2. Working with Lists

  • What is a list in R?
    • A list is a flexible data structure that can store objects of different types, including vectors, data frames, and other lists.
  • How to create a list:
    • Use the list() function to create a list that holds various elements.
  • Example: Creating a list with different data types:
my_list <- list(
  name = "Alice",
  age = 25,
  salary = 50000,
  skills = c("R", "Python", "SQL")
)
  • Accessing elements in a list:
    • Use double square brackets [[ ]] or the $ operator to access elements in a list.
  • Example: Accessing the name element:
my_list$name
[1] "Alice"
  • Example: Accessing the skills vector:
my_list$skills
[1] "R"      "Python" "SQL"   
  • Modifying elements in a list:
    • You can modify existing elements by assigning new values.
  • Example: Changing the salary element:
my_list$salary <- 60000

3. Using Formulas in R

  • What is a formula?
    • A formula in R is used to express relationships between variables, especially in statistical modeling.
    • The general syntax for a formula is y ~ x, where y is the dependent variable and x is the independent variable.
  • Example: Creating a simple formula:
# A formula for predicting mpg using cyl and disp
formula <- mpg ~ cyl + disp  
  • Formulas in regression analysis:
    • Formulas are widely used in regression analysis to specify models.
  • Example: Using a formula in a linear regression:
model <- lm(mpg ~ cyl + disp, data = mtcars)
summary(model)  # View the summary of the regression model

Call:
lm(formula = mpg ~ cyl + disp, data = mtcars)

Residuals:
    Min      1Q  Median      3Q     Max 
-4.4213 -2.1722 -0.6362  1.1899  7.0516 

Coefficients:
            Estimate Std.

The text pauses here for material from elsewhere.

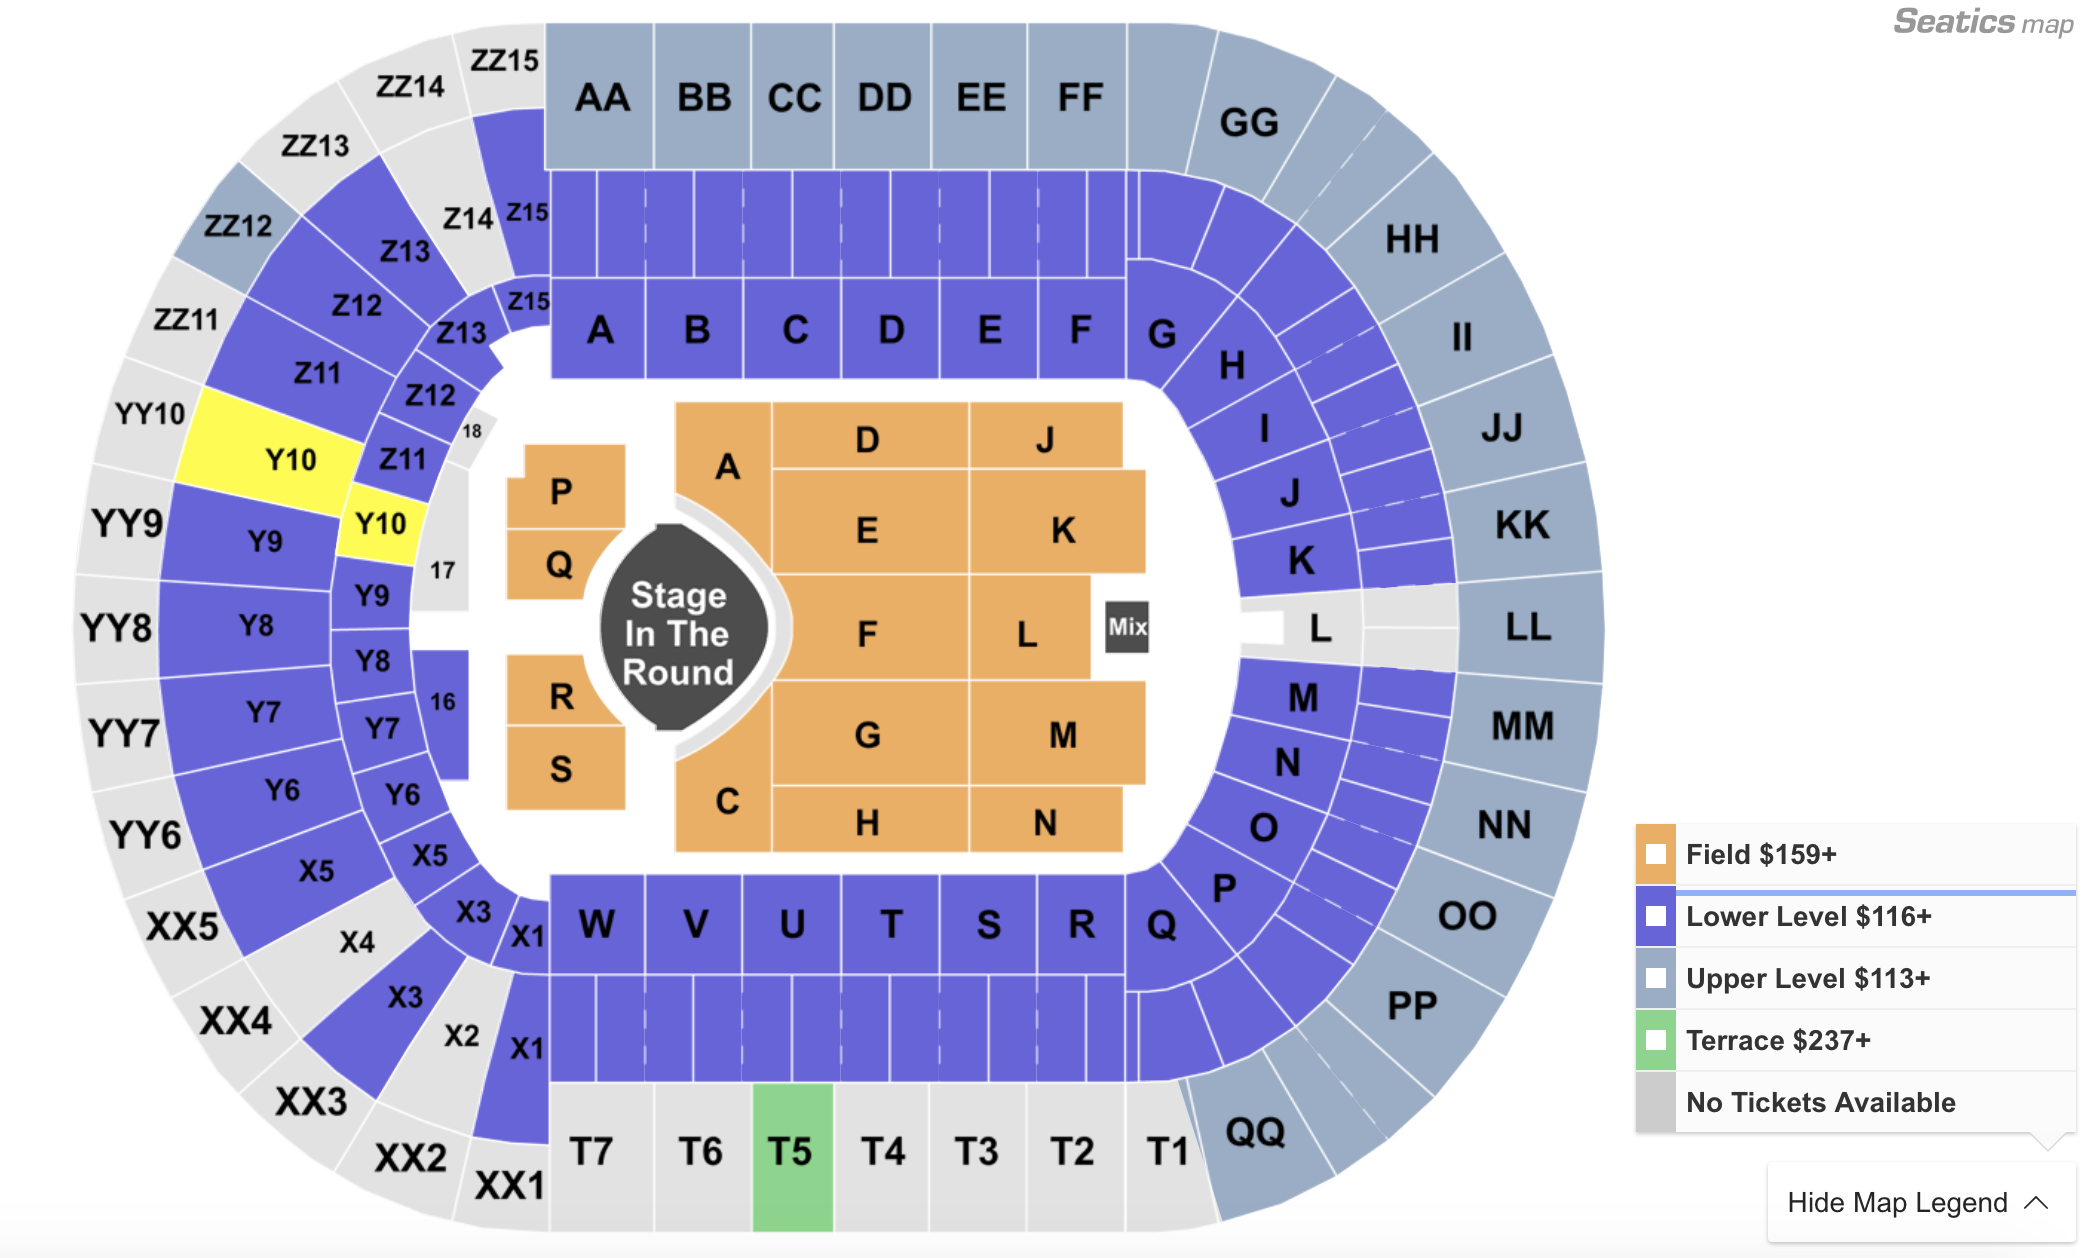 How To Get Cheap Garth Brooks Tickets + Face Value Options ...

Error t value Pr(>|t|)    
(Intercept) 34.66099    2.54700  13.609 4.02e-14 ***
cyl         -1.58728    0.71184  -2.230   0.0337 *  
disp        -0.02058    0.01026  -2.007   0.0542 .  
---
Signif. codes:  0 '***' 0.001 '**' 0.01 '*' 0.05 '.' 0.1 ' ' 1

Residual standard error: 3.055 on 29 degrees of freedom
Multiple R-squared:  0.7596,    Adjusted R-squared:  0.743 
F-statistic: 45.81 on 2 and 29 DF,  p-value: 1.058e-09
  • Explanation:
    • The formula mpg ~ cyl + disp tells R to model mpg (miles per gallon) as a function of cyl (cylinders) and disp (displacement).
    • The lm() function fits a linear model, and summary() provides the model’s details.

4. Combining Data Frames, Lists, and Formulas

  • Lists of data frames:
    • You can store multiple data frames in a list and use formulas to perform statistical analysis on each one.
  • Example: Creating a list of data frames and applying a formula:
df1 <- data.frame(name = c("Alice", "Bob"), age = c(25, 30))
df2 <- data.frame(name = c("Charlie", "David"), age = c(35, 40))
data_list <- list(df1, df2)

# Applying a simple operation to one of the data frames
mean_age_df1 <- mean(data_list[[1]]$age)
  • Using formulas with data in lists:
    • You can apply formulas to perform calculations or modeling on data stored in lists.
  • Example: Applying a formula to a data frame in a list:
model_df1 <- lm(age ~ name, data = data_list[[1]])

Key Takeaways

  • Data frames allow you to load, store, and manipulate tabular data in R.
  • Lists are flexible and can store a variety of data types, making them useful for managing complex datasets.
  • Formulas are essential for statistical analysis and are commonly used in models like regression.

Looking Forward

  • In the next lecture, we’ll dive into programming in R, focusing on writing scripts, using loops and conditional statements, and writing custom functions to solve more advanced problems.